2026 ASEE Annual Conference & Exposition

A Better Life for the People Around Me: The Affective Layers of High School Students Perceptions of STEM Club

Presented at Pre-College Engineering Education Division (PCEE) Technical Session 4

Broadening participation in engineering necessitates that educators take a learning-oriented stance to explore and understand the ways that learners from marginalized communities experience STEM. Students’ affective experiences (e.g. feeling of difficulty and enjoyment) are critical pieces in their perceptions of access to STEM learning in general, and engineering education specifically. In addition, their beliefs about the importance of STEM and its relevance to their families and communities are also critical.
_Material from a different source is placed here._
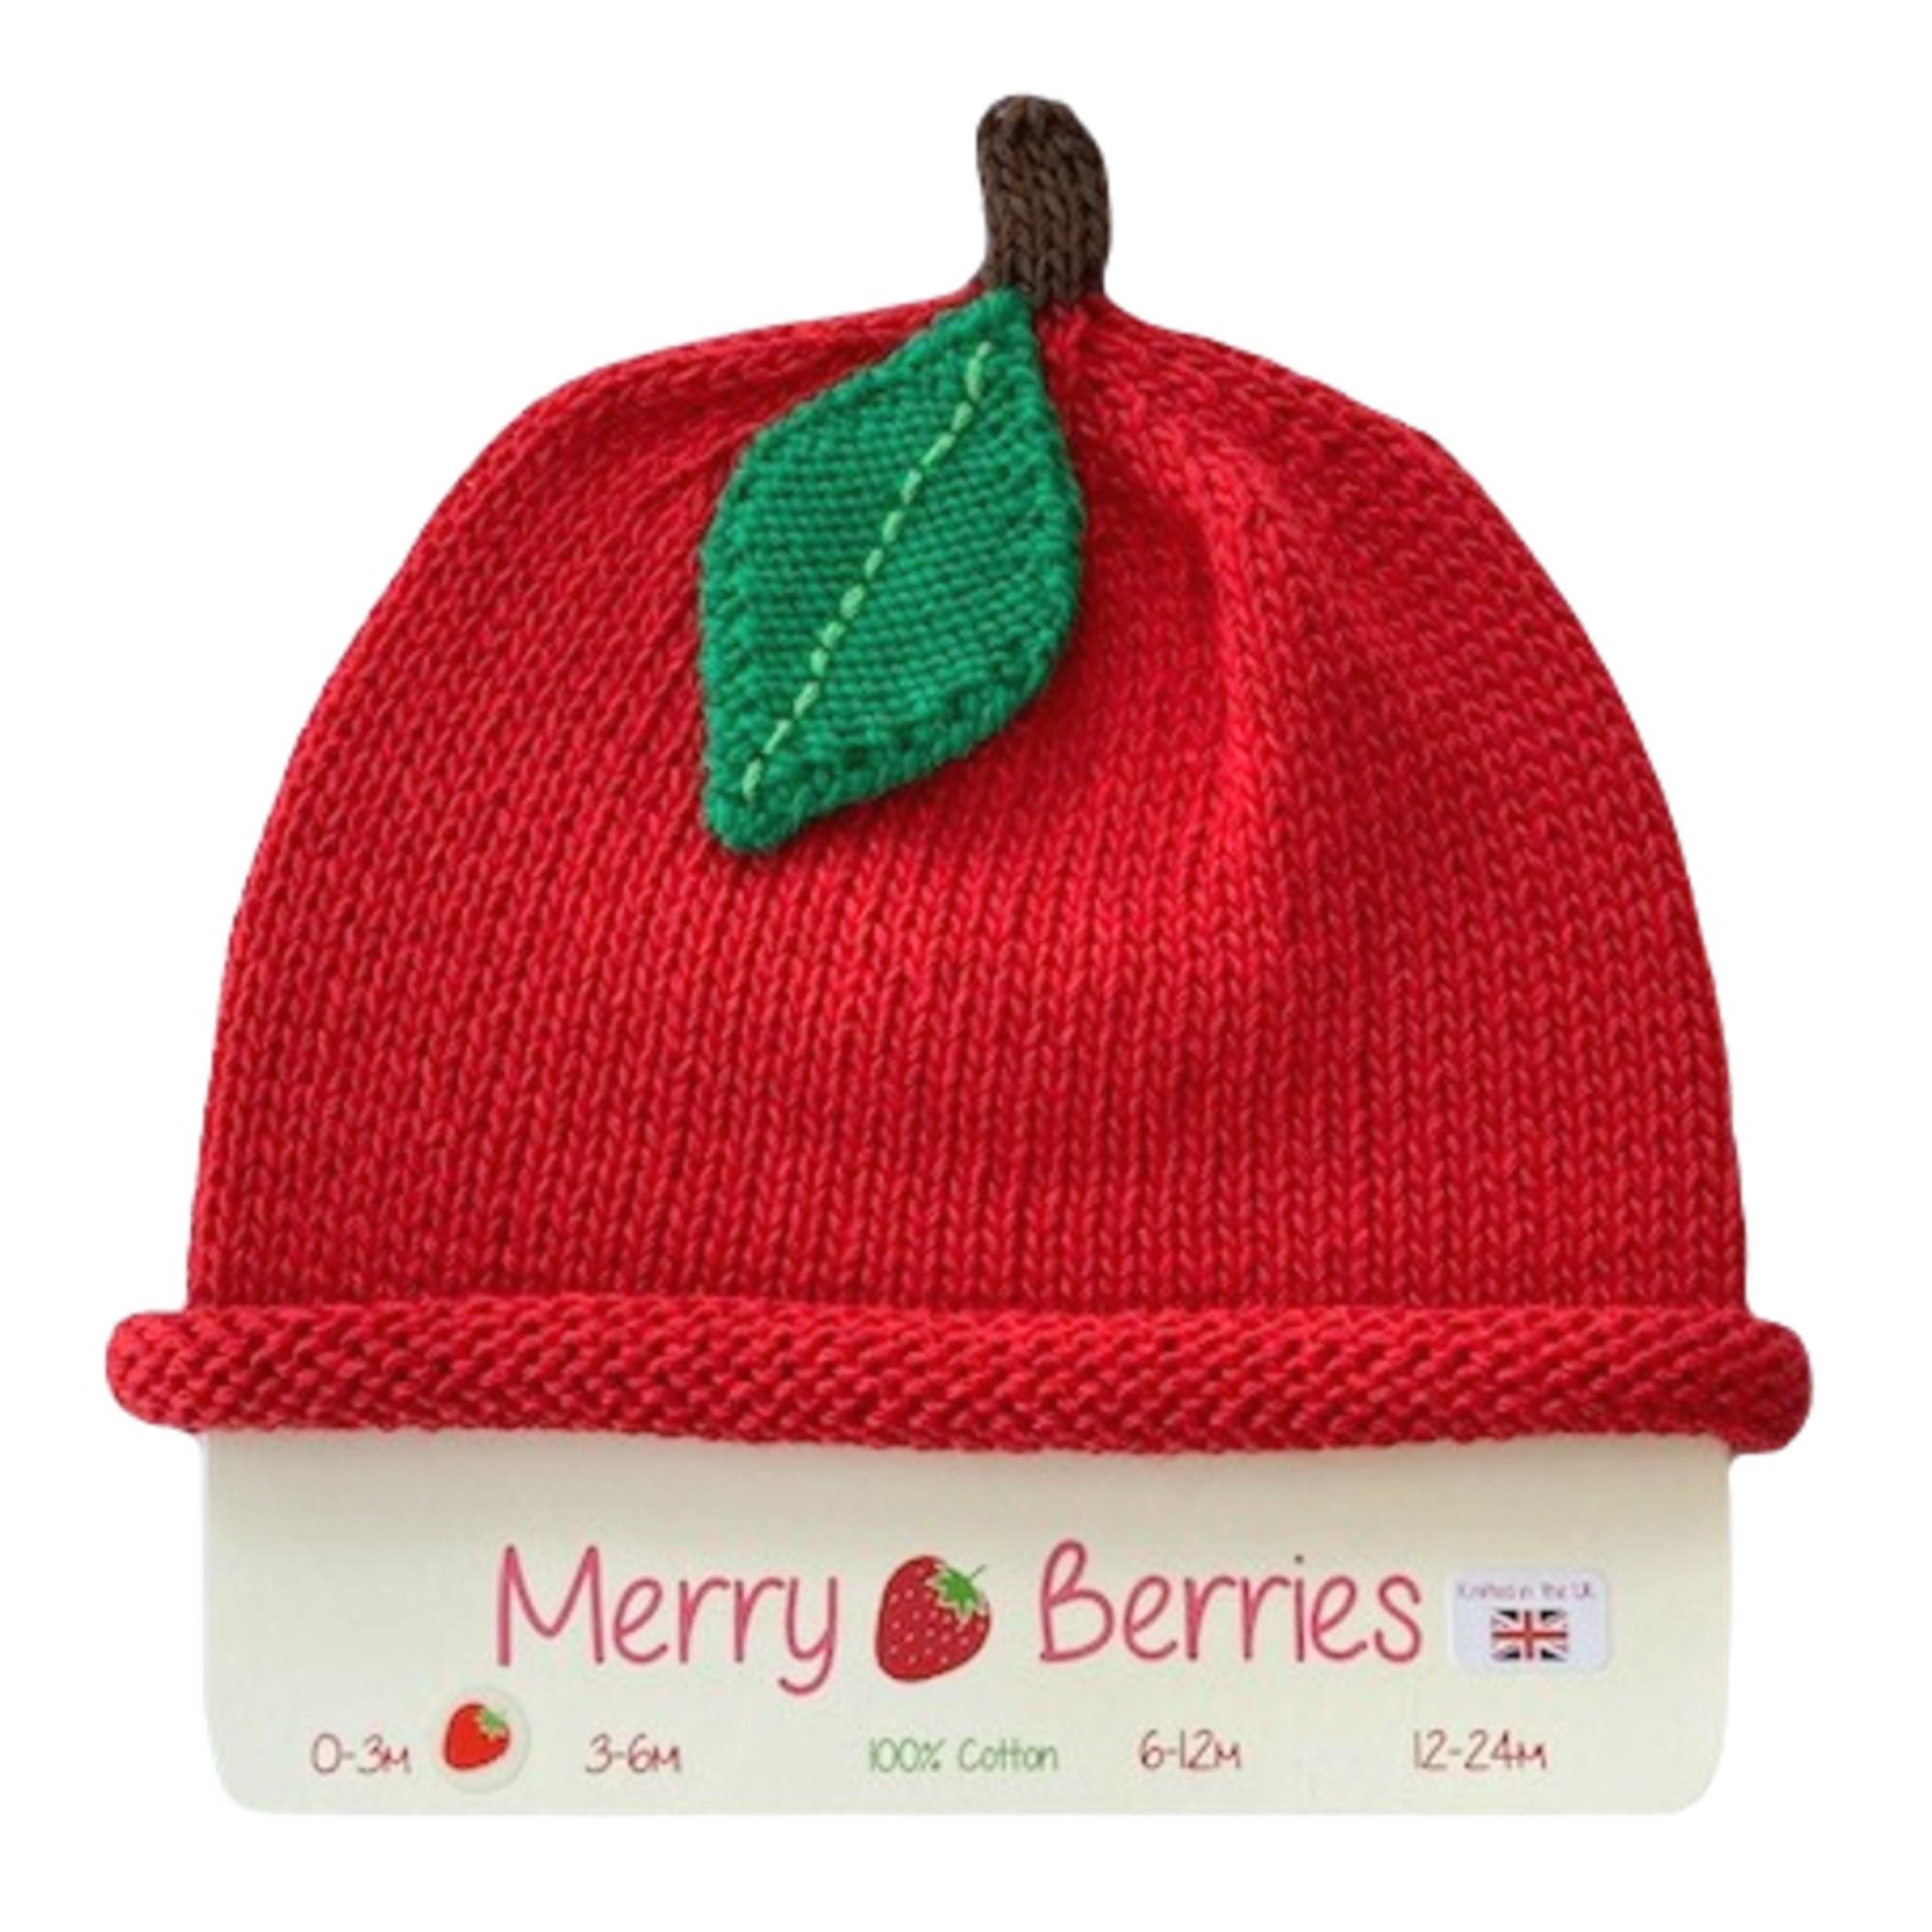 Merry Berries - Apple Knitted baby Hat-0-24mths-Cotton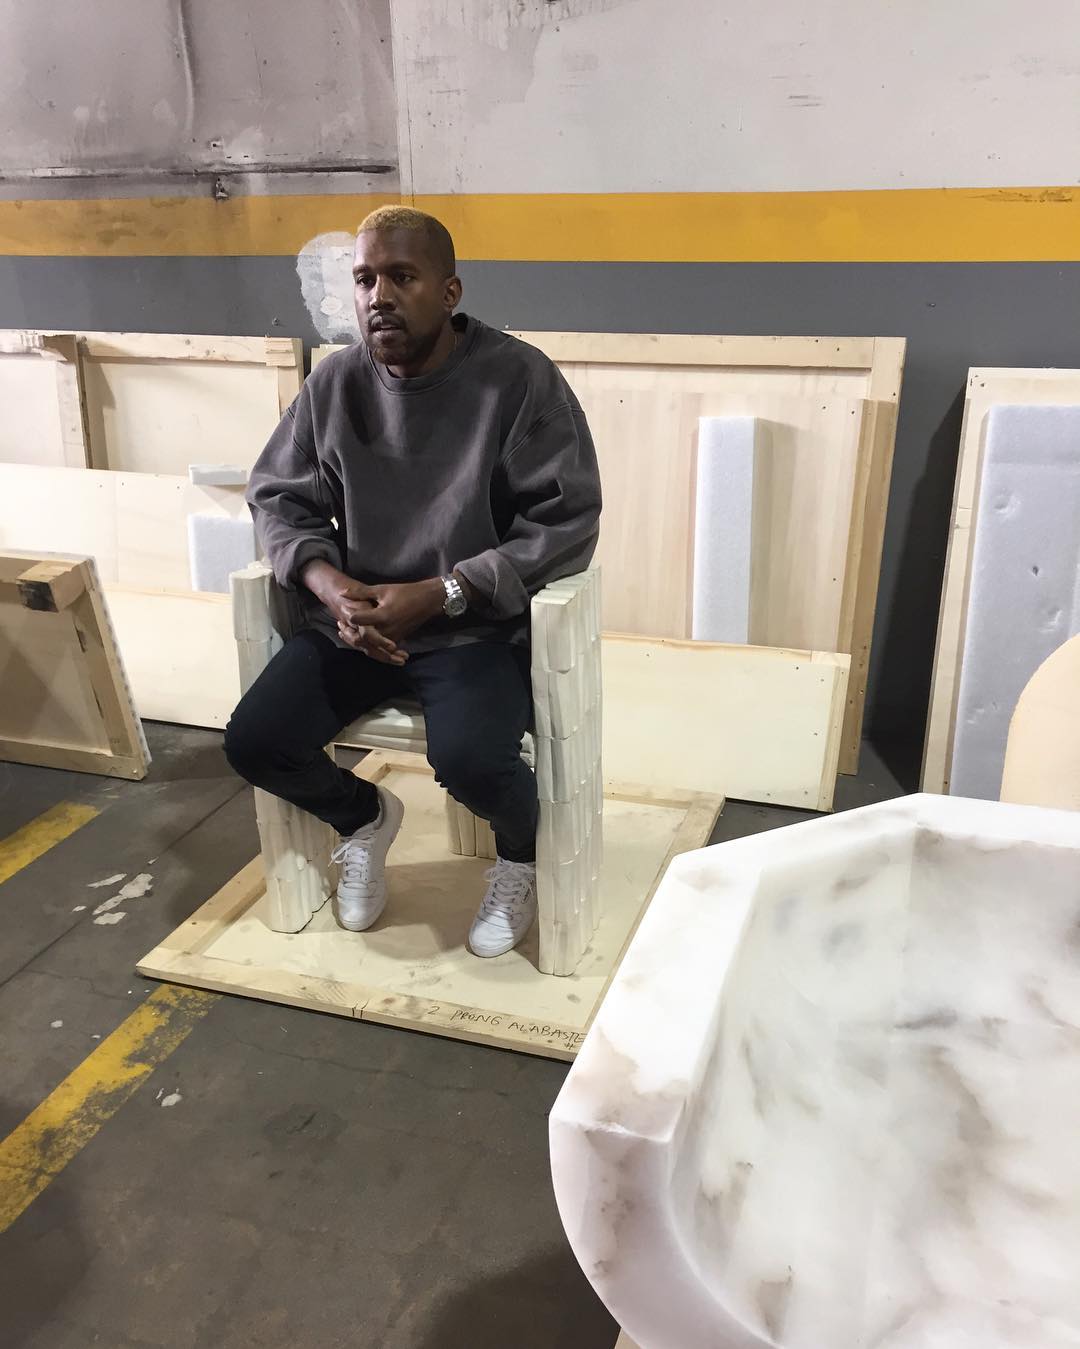 Kanye West's First Appearance Since Hospital In Unreleased Adidas

Research on the connections between students’ beliefs and affective experiences of STEM would contribute to our understanding about the ways that place-based affective and value-based understandings of STEM interact. This study explored the how high school students who pursue extracurricular STEM experience STEM in affective dimensions and what they believe about the importance of STEM within their family and community. Ultimately, this study revealed consistent connections between the difficulties faced by students in STEM programs as related, and even valuable, aspects of what is also enjoyable about STEM. The study also revealed that students perceived the importance of the technologies (e.g. robotics, renewable energy) to their communities but that this value was not necessarily visible to members of their communities.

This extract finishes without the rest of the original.